Hacer deporte con los amigos es una variante que desacredita a cualquiera, pero especialmente a mí. 

Nosotros decimos que vamos a jugar porque es un verbo más generoso, de contornos filosóficos, y permite un panorama de excusas más amplio, pero en realidad lo que hacemos es competir sin escrúpulos, que es una cosa sucia y malvada, como sabe todo intelectual. 

Lo mejor llega cuando terminamos. Hemos perdido todos. Basta con vernos en el banquillo, apurando una botella de agua, incapaces de levantar la cabeza: allí no puede existir un ganador. Siempre perdemos y ya nos vamos acostumbrando.
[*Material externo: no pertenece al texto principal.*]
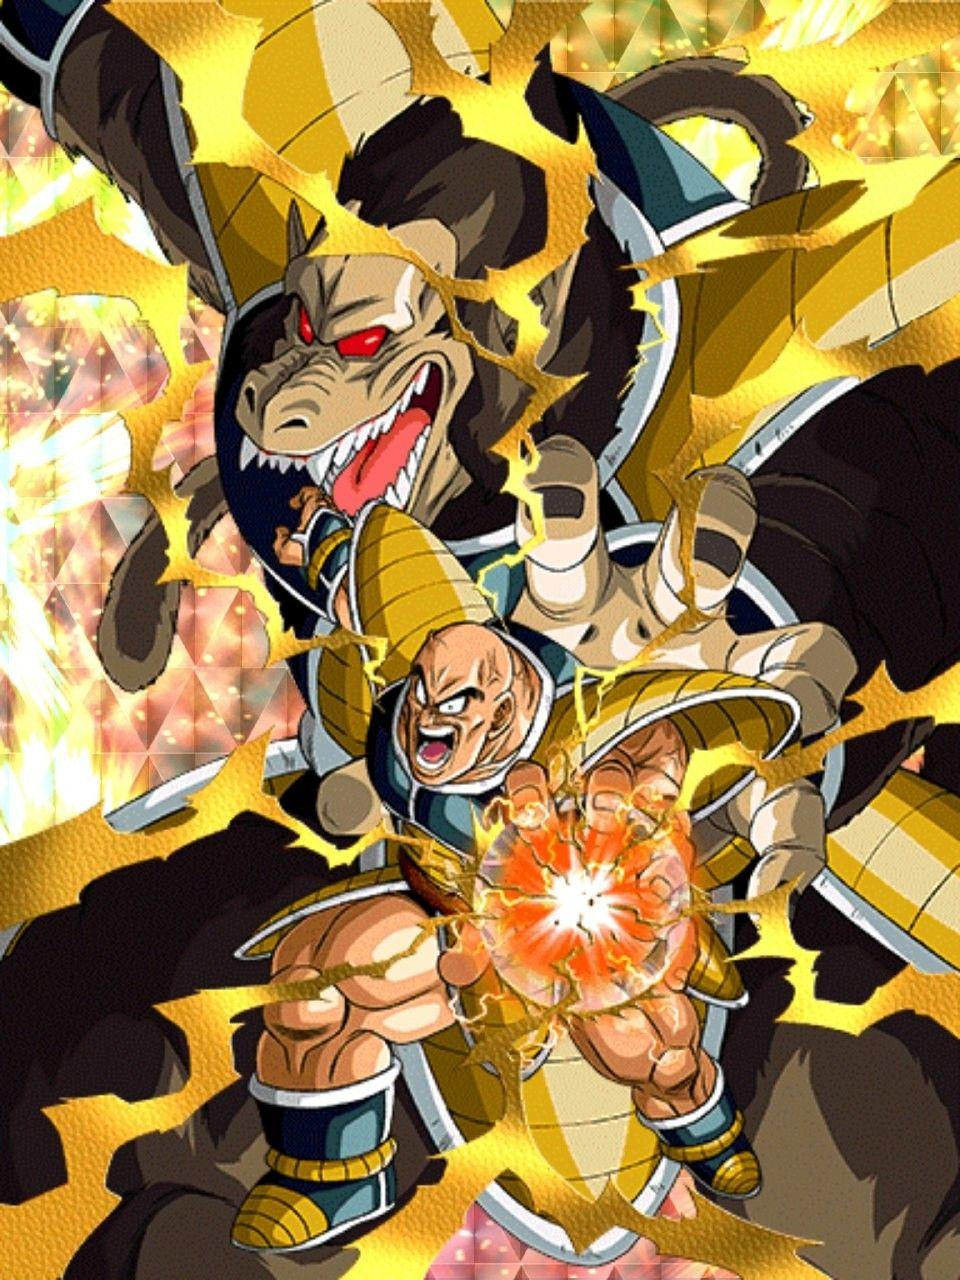 Nappa and his Oozaru form Dragon ball art, Anime, Dragon

Nos sentimos repentinamente envejecidos, casi últimos, sacos de huesos y venas que no merecen otra piedad que el olvido. 

En ese instante es cuando recuperamos la dignidad y vemos con claridad lo que somos, justo cuando nos sentimos derrotados, minúsculos y prescindibles. 


No tener nada




No hay que buscar lejos, tampoco hay que buscar nada fenomenal o importante, basta con la casa, con su diminuta realidad. Cualquier objeto sirve como ejemplo de esa sucesión de pérdidas, patologías y decadencias que es la vida. 

Basta una anciana toalla doblada, herida en un extremo, una libreta de tripa amarillenta, cirrótica, ilegible, o la artrosis de las bisagras de la puerta del baño. Basta un poco de curiosidad y todo nos enseña su agrietada naturaleza: la fractura del lápiz que interrumpe un made in Ger(many), el cuello doblado del crisantemo amarillo, las cicatrices en la madera de la silla, la escoliosis de la estantería de falso nogal, que amenaza con desplomarse, las amputaciones de una camiseta irreconocible que devino en trapo, las quemaduras del plafón, las hemorragias de la humedad en los tabiques, la cianosis de la fotografía, el carcinoma de los grifos.

Bajo esta calma sonora corre un insecto invisible que se adentra en cada objeto y lo enferma. Pero escucha un segundo: en este ejército quebradizo y moribundo de la casa, justo antes de la desaparición, se eleva un canto mudo que habla de lo que creímos tener y no era nuestro. 

Nada, ni una sola cosa era nuestra. Todo eran préstamos del azar, limosnas del día.

No importa, es mejor así. No tener nada es todo lo que se puede tener.

Observa esa luz esmaltada que se detiene ahora en la mano suspendida sobre el teclado: pronto te dirá que no, que está cansada y es tarde, y se apagará en silencio, liviana, insignificante.